We discuss the weather, in true Canadian fashion, and in the process she reveals that she lived in the country once. She had her three kids there, began and ended her marriage there. Calmly enough, her eyes turned away from me and towards the traffic, she remarks that her youngest is in anger treatment and she won’t be seeing the child till he is 18. The two older kids, both teenagers, have problems of their own, and are having a hard time; all three were abused by their father, as was she. 

All this comes out in the time it takes to drive three blocks. A crown of pain. I think about that four-year-old being sent away, removed from both parents. But if I have any temptation to judge her for that decision, her final remark brings me up short. She is saying how much she misses him, and what a sacrifice it was to lose him. She feels that letting him go would give him a better chance than his elder siblings had. Though she is composed, the suffering of this story is written into her body. 

A woman on the cross, acting out of love as best she can. On the cross the Trinity is revealed: the relationship of love which is God. This love becomes tragic when it enters the brokenness of humanity. Yet it is not broken. It suffers death, yet brings life. It takes on woundedness, yet brings healing. It’s a love that cannot be understood, but can be received. It’s a love that turns everything upside down. 

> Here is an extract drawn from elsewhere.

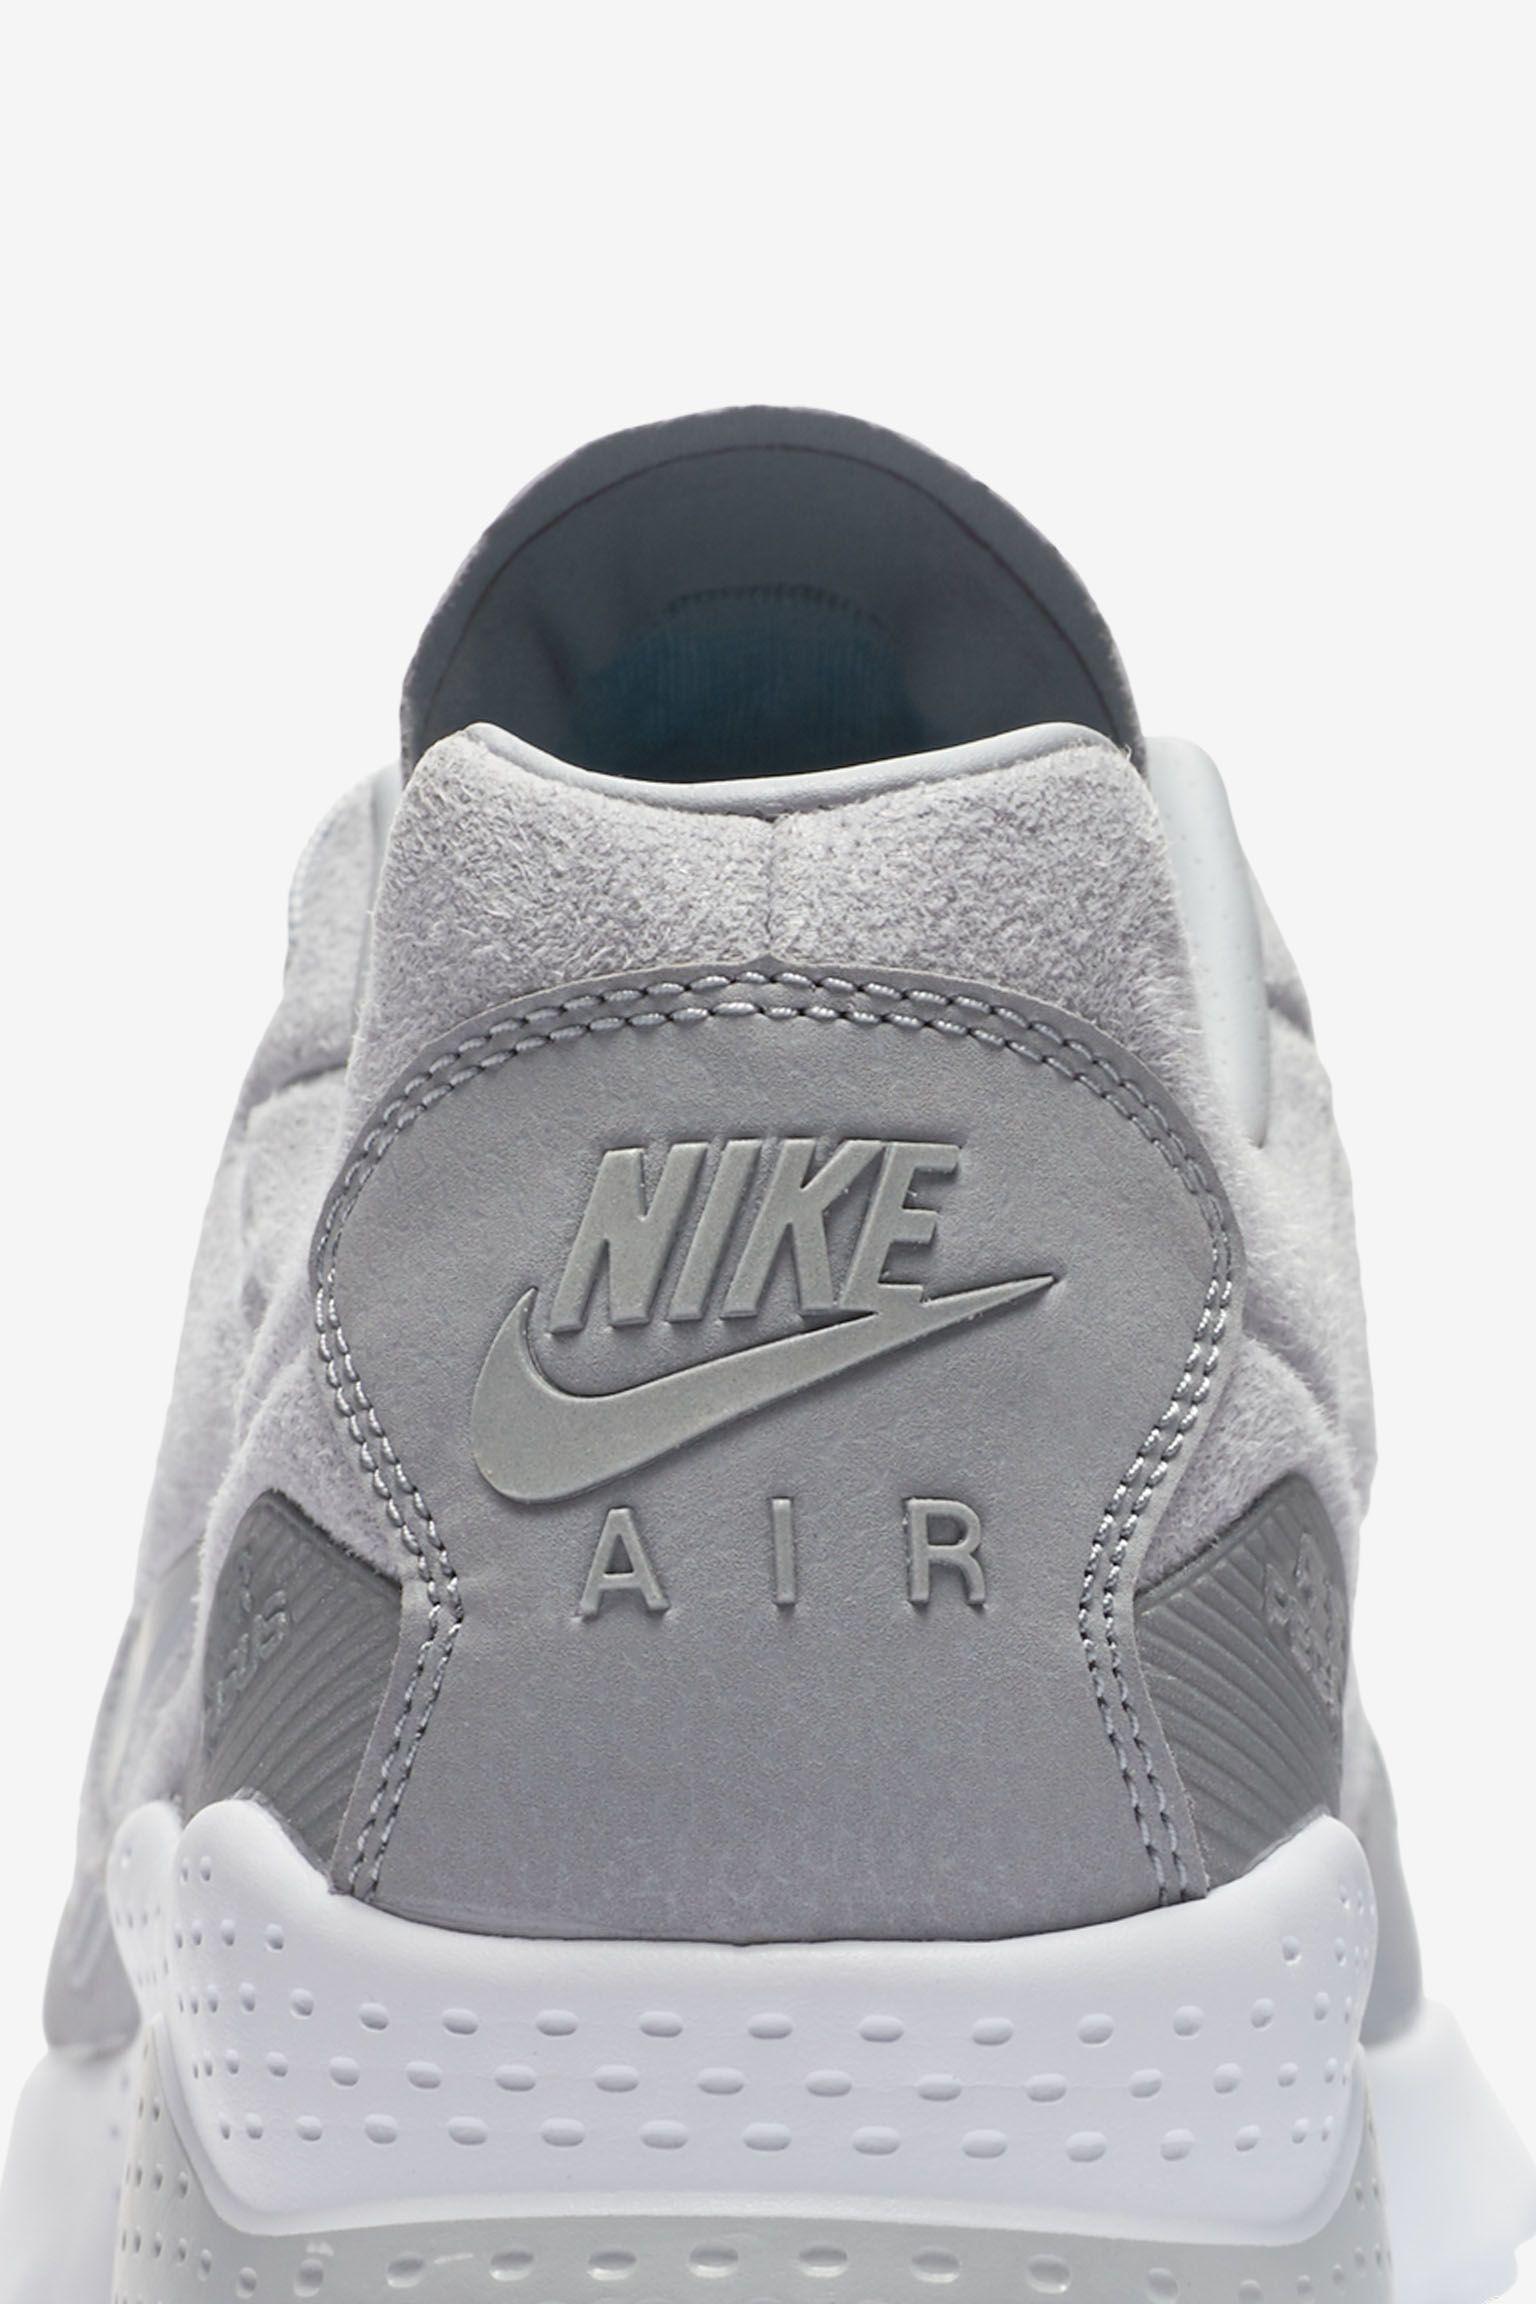 Nike Air Zoom Pegasus 92 'Natural Grey & White'

St. Philaret of Moscow said “the Father is crucifying love, the Son is crucified love, the Holy Spirit is the invincible love of the cross.”

Trinity Sunday, the Sunday after Pentecost, leads us back into Ordinary Time.  There’s nothing ordinary about the power of this love that welcomes the stranger, transforms the sufferer, calls humans to love even on the cross. Still, it’s the ordinary stuff of our lives. We would die without the Trinity.